Overall, we find that many of our hypotheses were either rejected or even shown to be the contrary, at least based on the correlations and visual inspection of the line graph trends. One of the most intriguing is that neither rainfall nor relative humidity really correlates with dengue cases, which is opposite to what we would usually expect, given the increased breeding of Aedes aegypti mosquitoes in wetter environments. Nonetheless, mean temperature was still found to be one of the stronger predictors for dengue cases at lags of 0-1 week, in line with general expectations.

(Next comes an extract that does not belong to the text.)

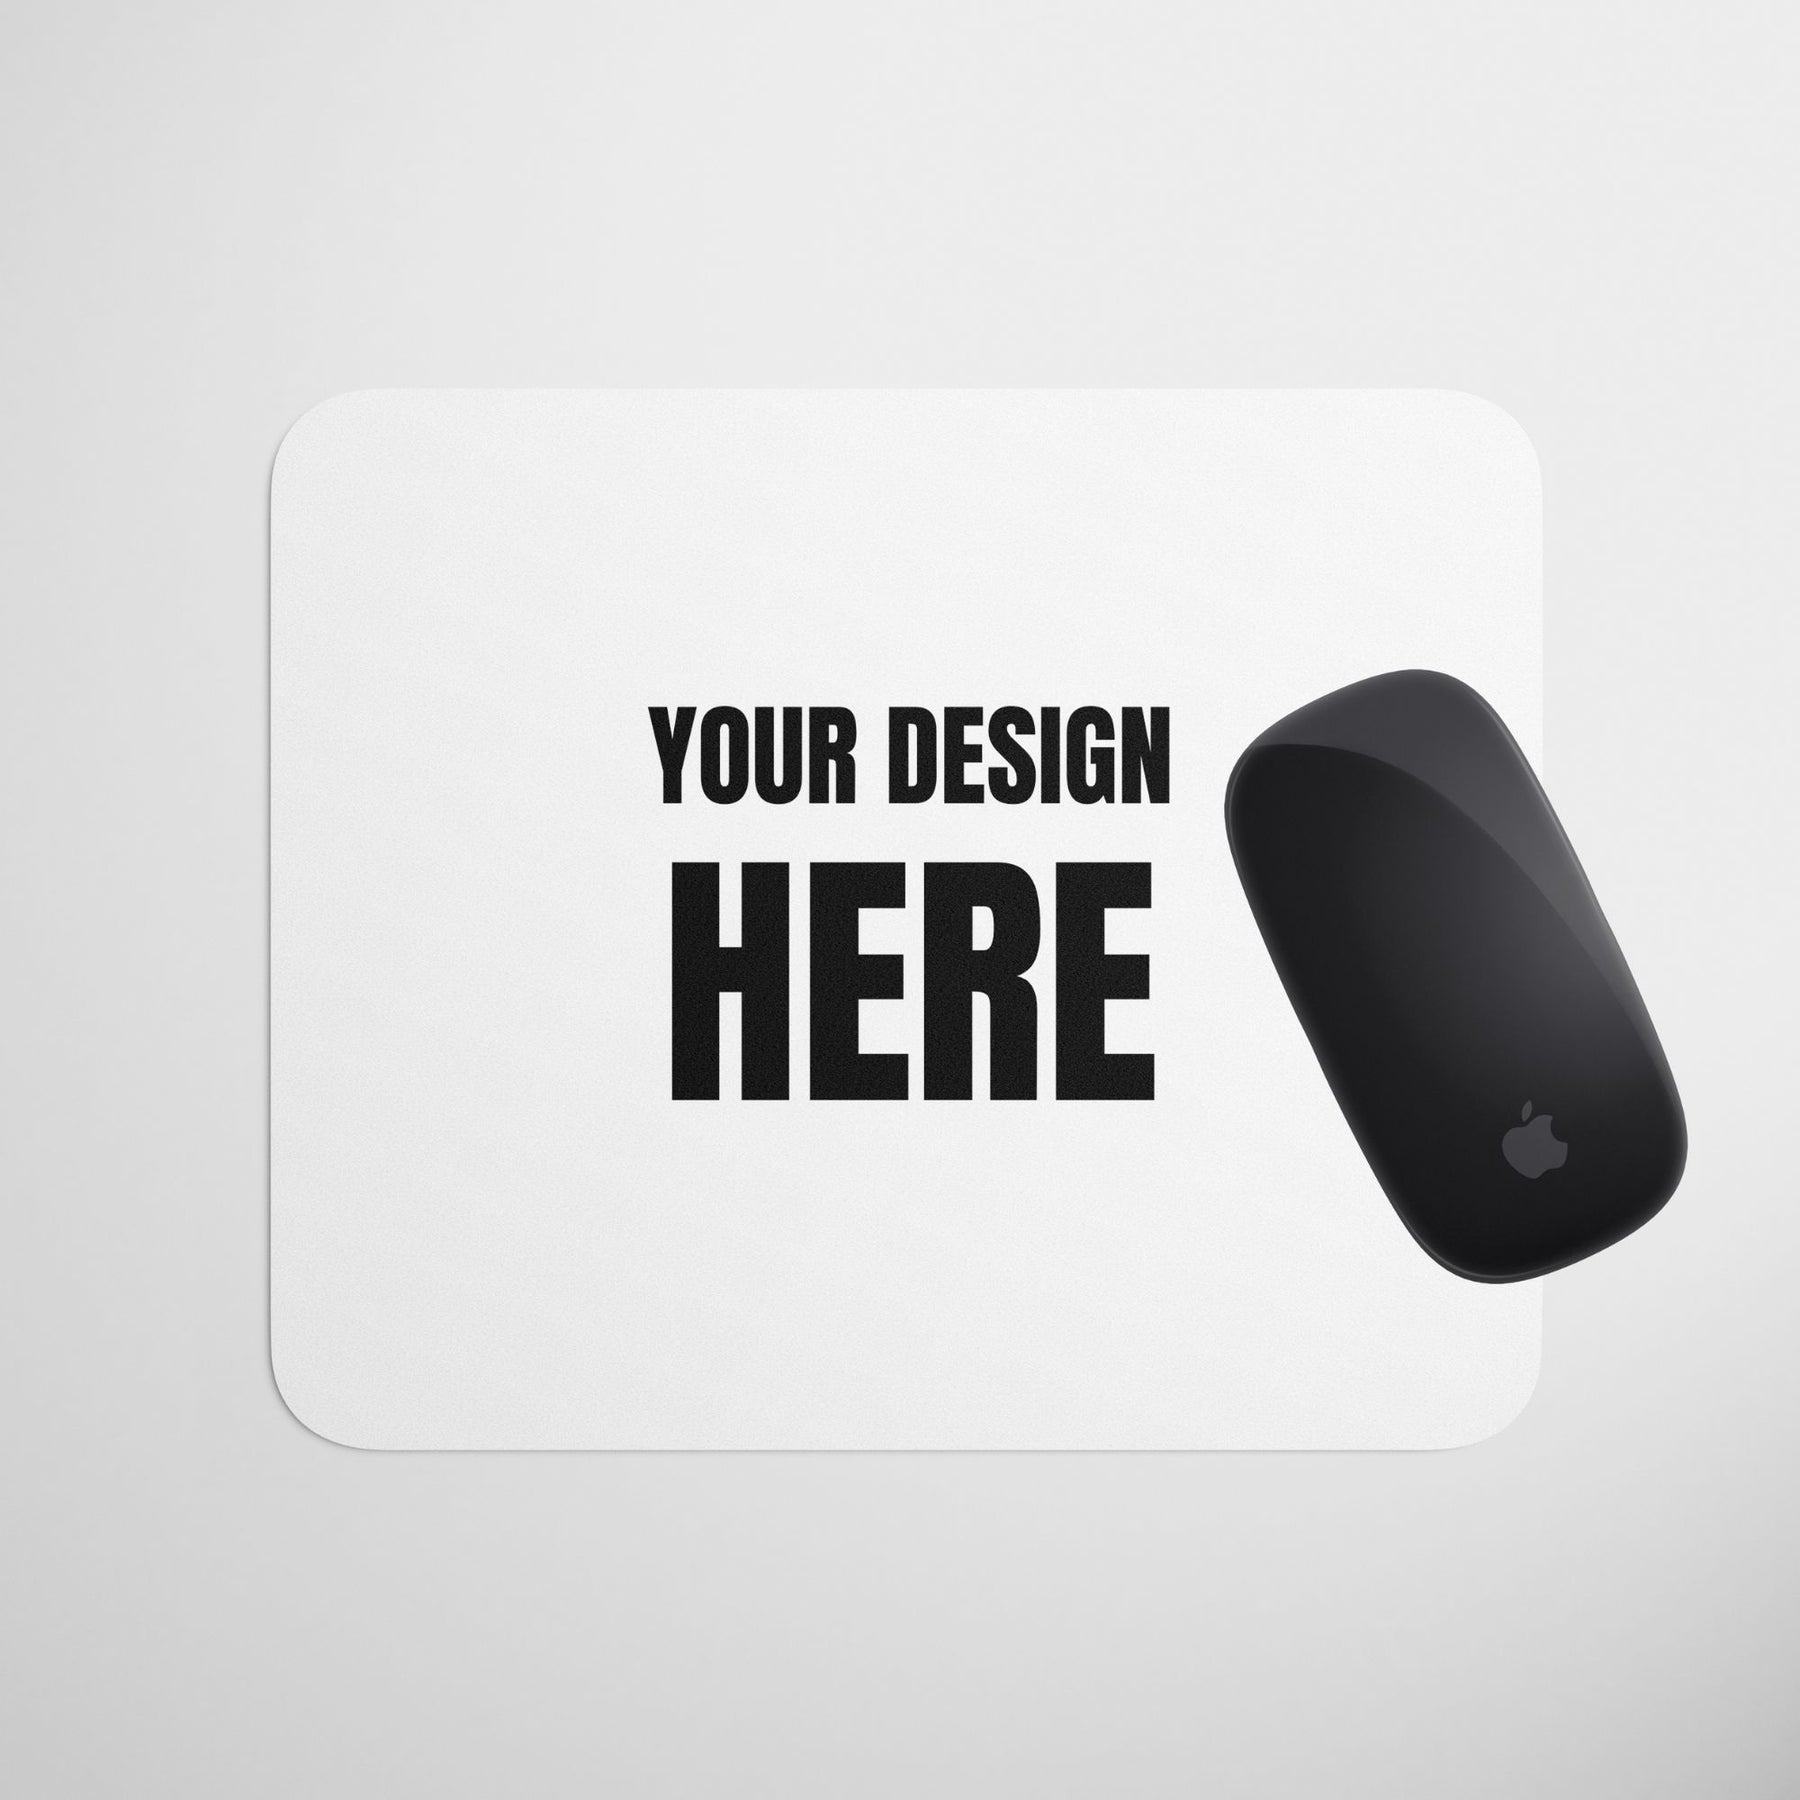 your-design-here-mouse-pad-gogirgit-com-2

In terms of Google search trends, we find that search terms directly related to dengue are moderately and positively correlated with dengue cases with no lag intervals, which supports our overarching theory that people will tend to search more about dengue when they have dengue symptoms, which correspondingly reflects dengue case numbers. Perhaps, given the high awareness of dengue in Singapore, people with prolonged symptoms or symptoms characteristic of dengue tend to think of dengue and perform searches to confirm (or otherwise assure themselves) that they might have or do not have dengue.

Further investigation into specific time periods could be made to evaluate more specific trends, as well as to uncover the possible reasons behind the significantly lower number of dengue cases between 2017-2019 compared to previous or later years, and the subsequent sharp rises in dengue cases in 2022. A possibility is the Covid-19 pandemic which may have impacted the breeding habitats of the mosquitoes and transmission of dengue.

Additionally, more work can be done to look at the number of cases by specific regions/areas in Singapore, to investigate if characteristics of different regions/areas could be related to the number of dengue cases. For example, a more densely populated region/area in Singapore could have a higher transmission rate due to the closer proximity of residents, or that regions/areas with an older demographic may be more prone to dengue; but these speculations need to be tested.